太后對顧玉青一貫偏寵,這樣的話,屋裡的人,早就習慣,平西王府世子妃也習以為常,行禮過後,便按著以往習慣,撿了椅子落座,可陸婉珺和滇陽王妃卻是一怔。
傳聞太后對顧玉青格外厚愛,竟是沒想到,太后對顧玉青,竟然如此熱絡親暱。
這樣子,根本宛若是對自己家的嫡親孫女兒一般!
祖孫兩彼此匆匆一個對視間,顧玉青嬌笑道:“臣女日日夜夜惦記著您呢,只是年節下忙,父親又去了滄瀾,大事小事都堆在臣女身上,實在分心乏力。”

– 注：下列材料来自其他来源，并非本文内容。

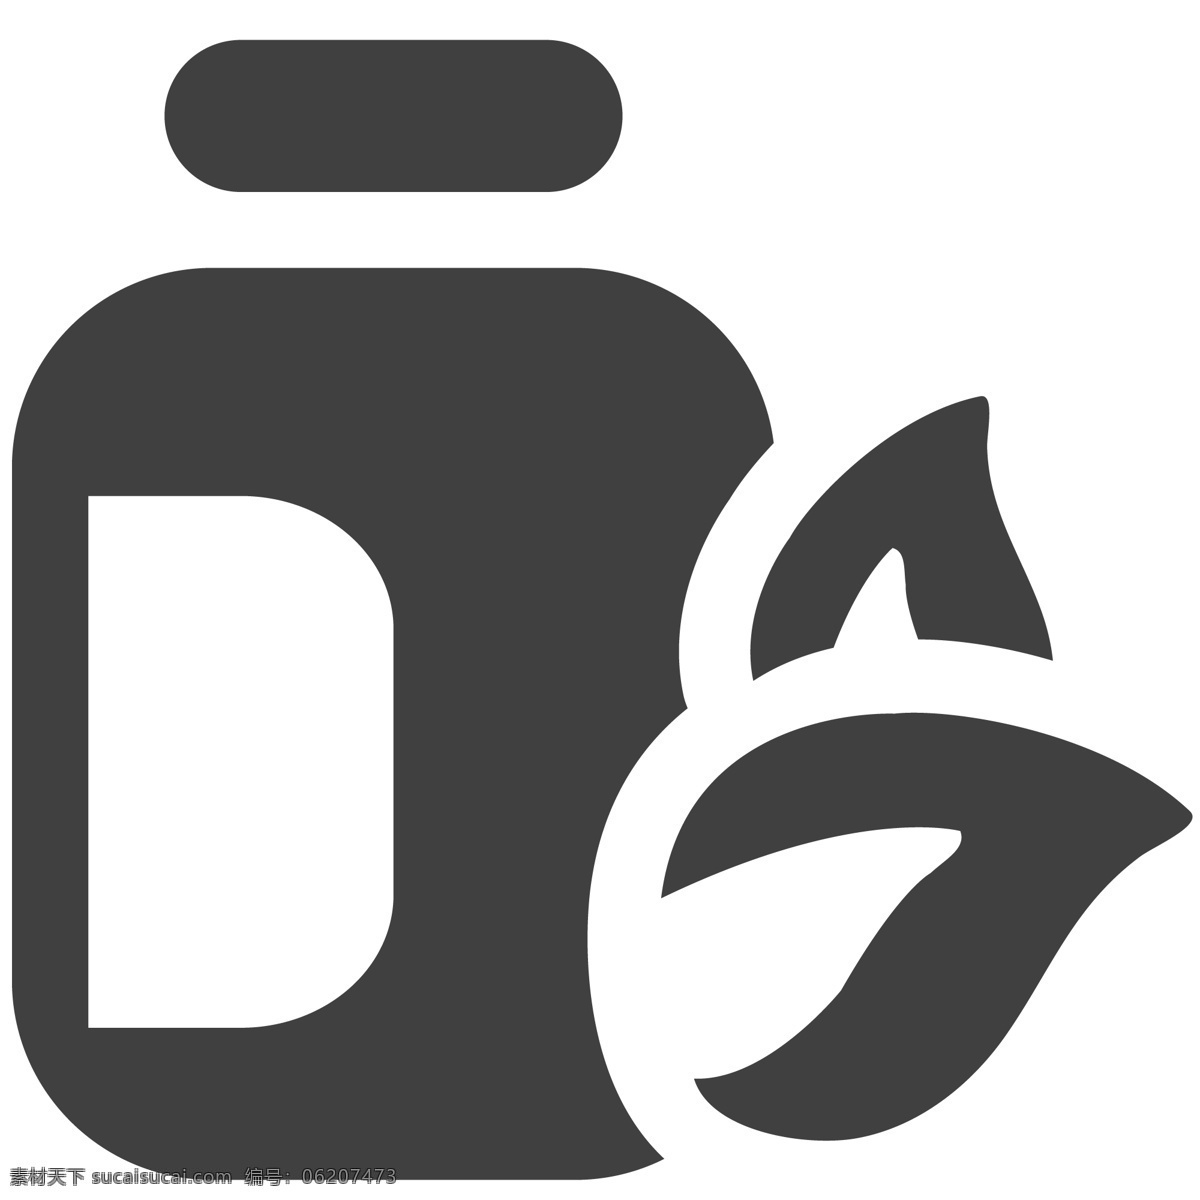 油桶图标设计 水桶 包装 生活图标 卡通图标 黑色的图标 手机图标 智能图标设计
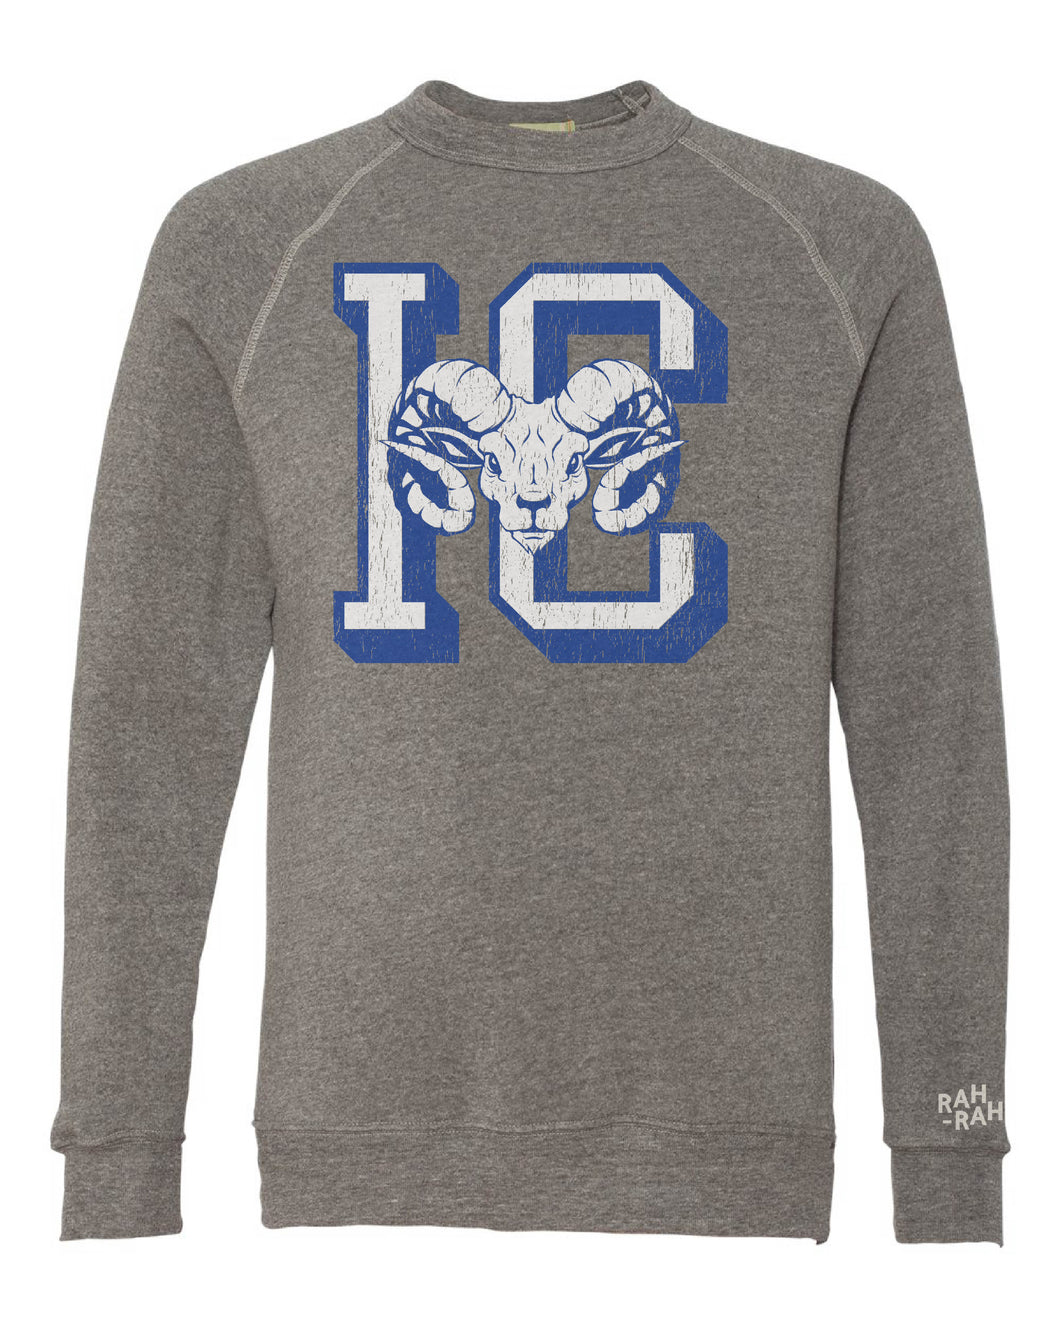 IC Rams Grey Adult Sweatshirt

太后慈眉善目笑著,“哀家知道你忙!都是皇帝,什麼時候派你父親去滄瀾不好,偏偏大年節的去,連個年夜飯也不讓安生吃了。”
太后數落皇上,顧玉青自然不能接嘴,只抿唇淺笑。
好在太后語落,目光立刻就落在了顧澤慕身上,眼底面上笑容愈發的濃盛,只比方才看顧玉青時的灼熱還要多上三分,“好孩子,快讓哀家瞧瞧。”
顧澤慕起身,大大方方上前。
太后拉了顧澤慕的手,方才還是一臉的歡喜,此刻卻是滿目晶瑩,“你母親若是活著,現在還不知要如何高興,人人都說你姐姐長得像你母親,現在看來,你倒是更像些,除了眼睛像你父親,餘下的,竟是和你母親一模一樣。”
端詳著顧澤慕,太后眼中腦中浮動的,卻是另外一張臉。
英俊威武!永世難忘!
那張臉,那臉上的五官,彷彿刻在她心頭,不論年輪如何轉,那張臉,卻只越發清晰。
姑蘇彥乃祁北第一美人,卻肖父勝過像目,鼻子嘴巴,與姑蘇老將軍,如出一轍。
可惜姑蘇彥到底是個女子。
眼下見了顧澤慕,太后心頭思緒,怎能不激盪紛湧。
握著顧澤慕的手,越發顫抖,淚水連連,不由簌簌落下。
眾人只當她是念起顧玉青的亡母,顧玉青深知太后對母親的偏愛,也並未多想,只紅著眼睛道:“弟弟回來是好事,可若惹得您落淚,就是他的不是了。”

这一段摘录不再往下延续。